#### What the task asks
With the images excluded, set down every line of the listing below exactly.

*** Supplied material ***

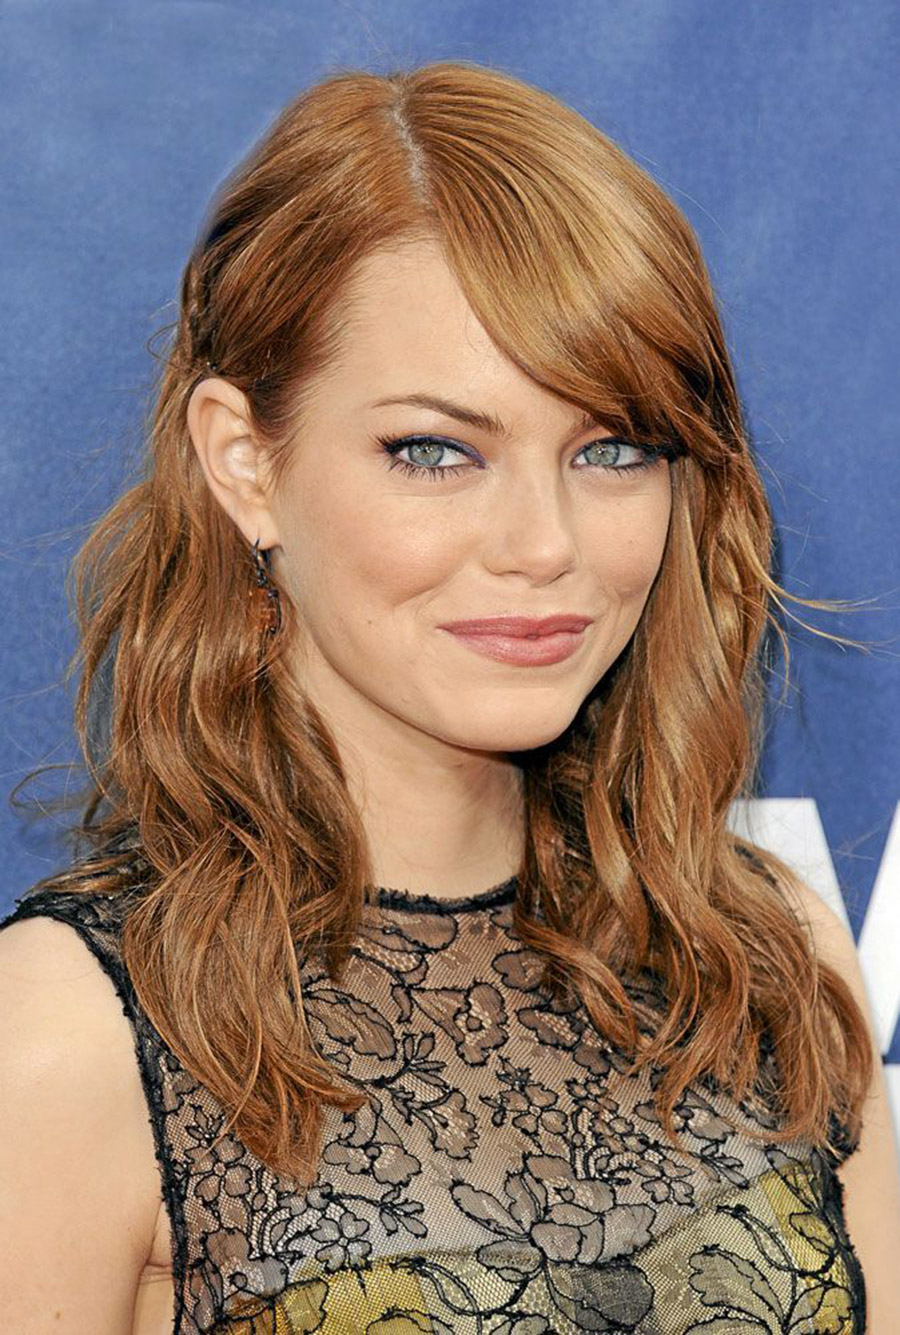 Emma-stone-the-best-famous-picture-actress-Maquillage-de-star
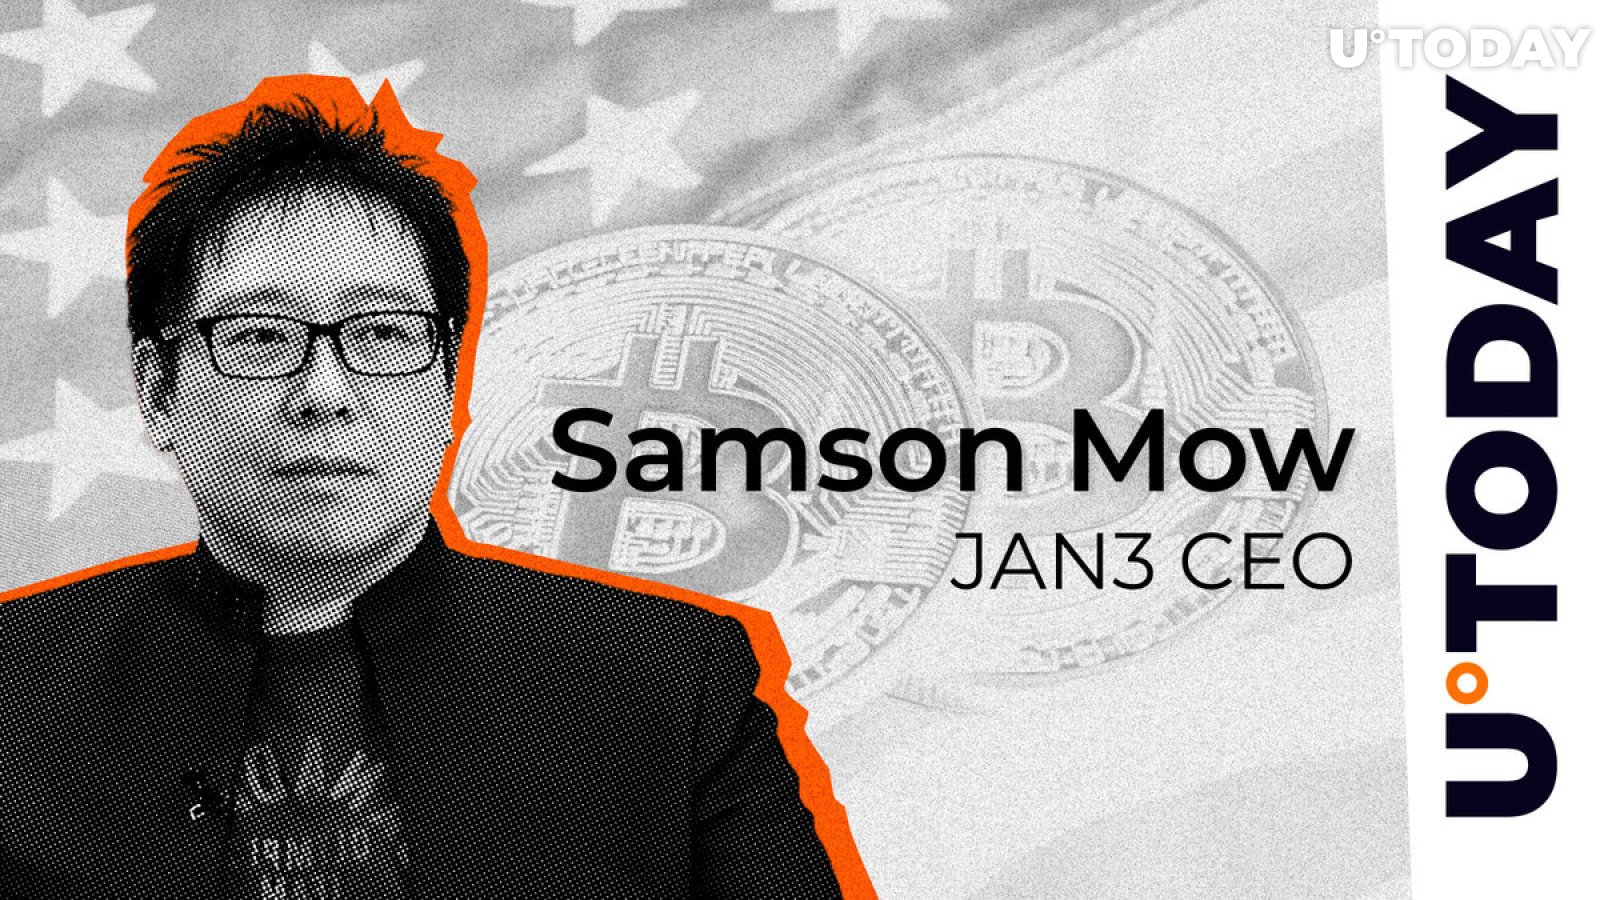 Crucial US Bitcoin Reserves Statement Made by Samson Mow
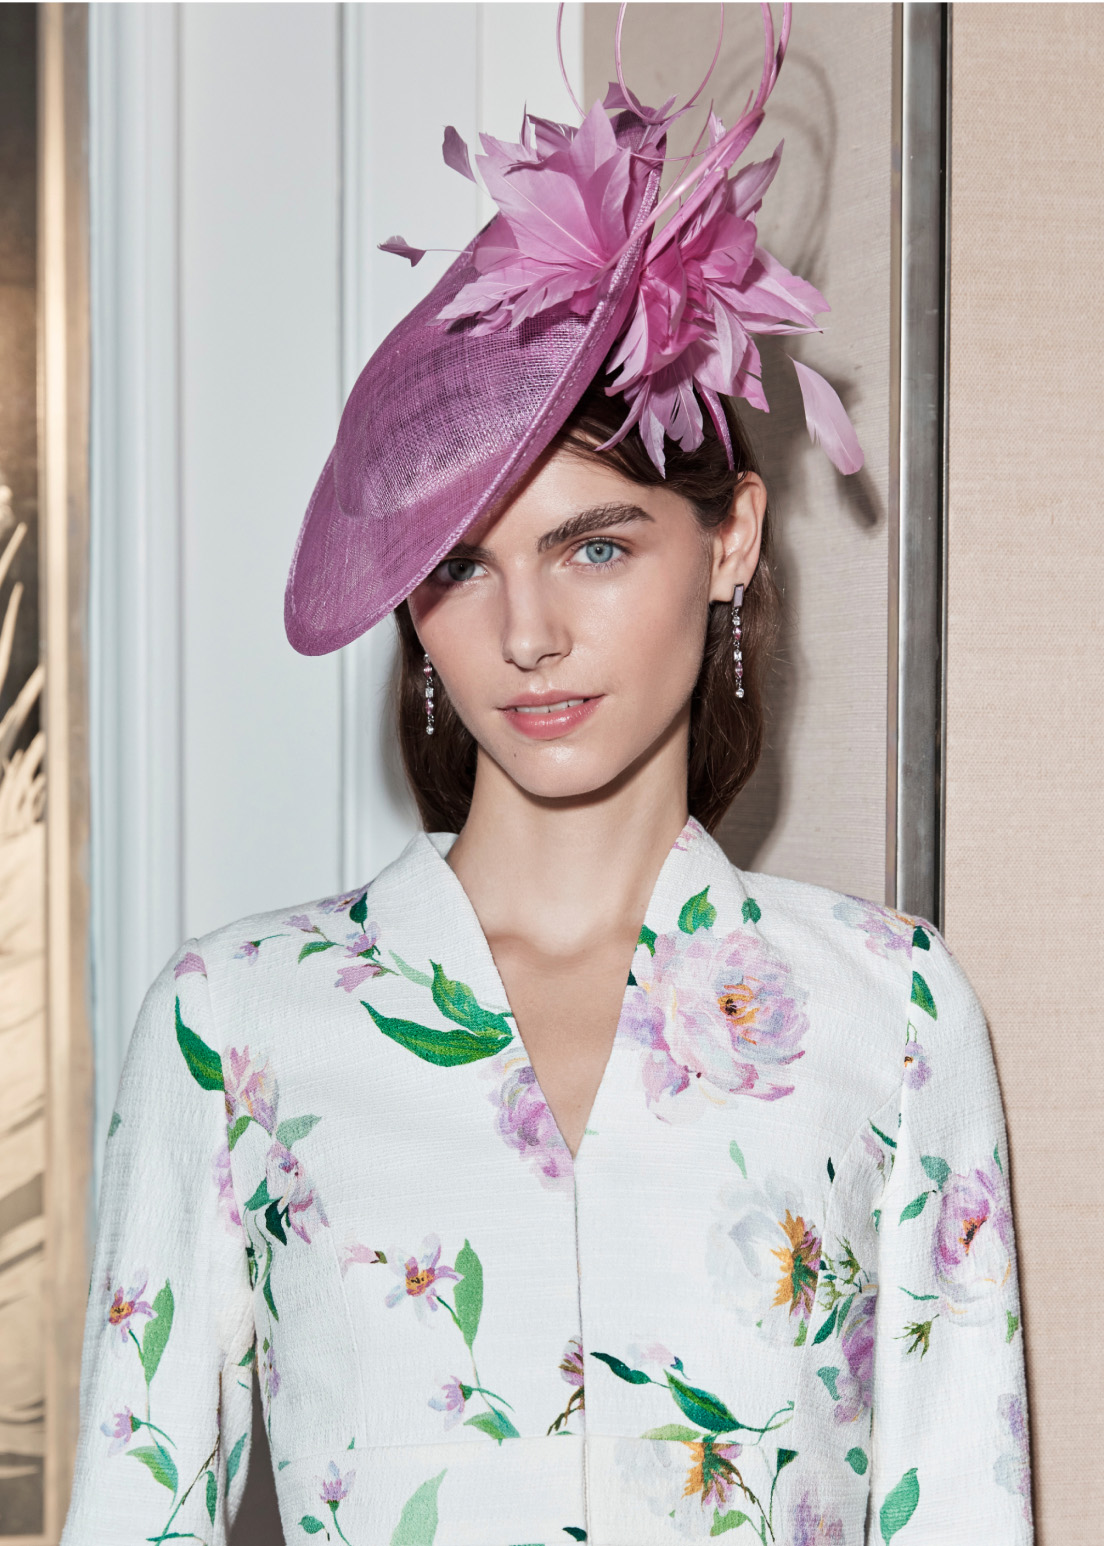 Image of model wearing a pink fascinator at a wedding.

*** End of Supplied material ***

#### Answer box
 Emma-stone-the-best-famous-picture-actress-Maquillage-de-star
 Crucial US Bitcoin Reserves Statement Made by Samson Mow
 Image of model wearing a pink fascinator at a wedding.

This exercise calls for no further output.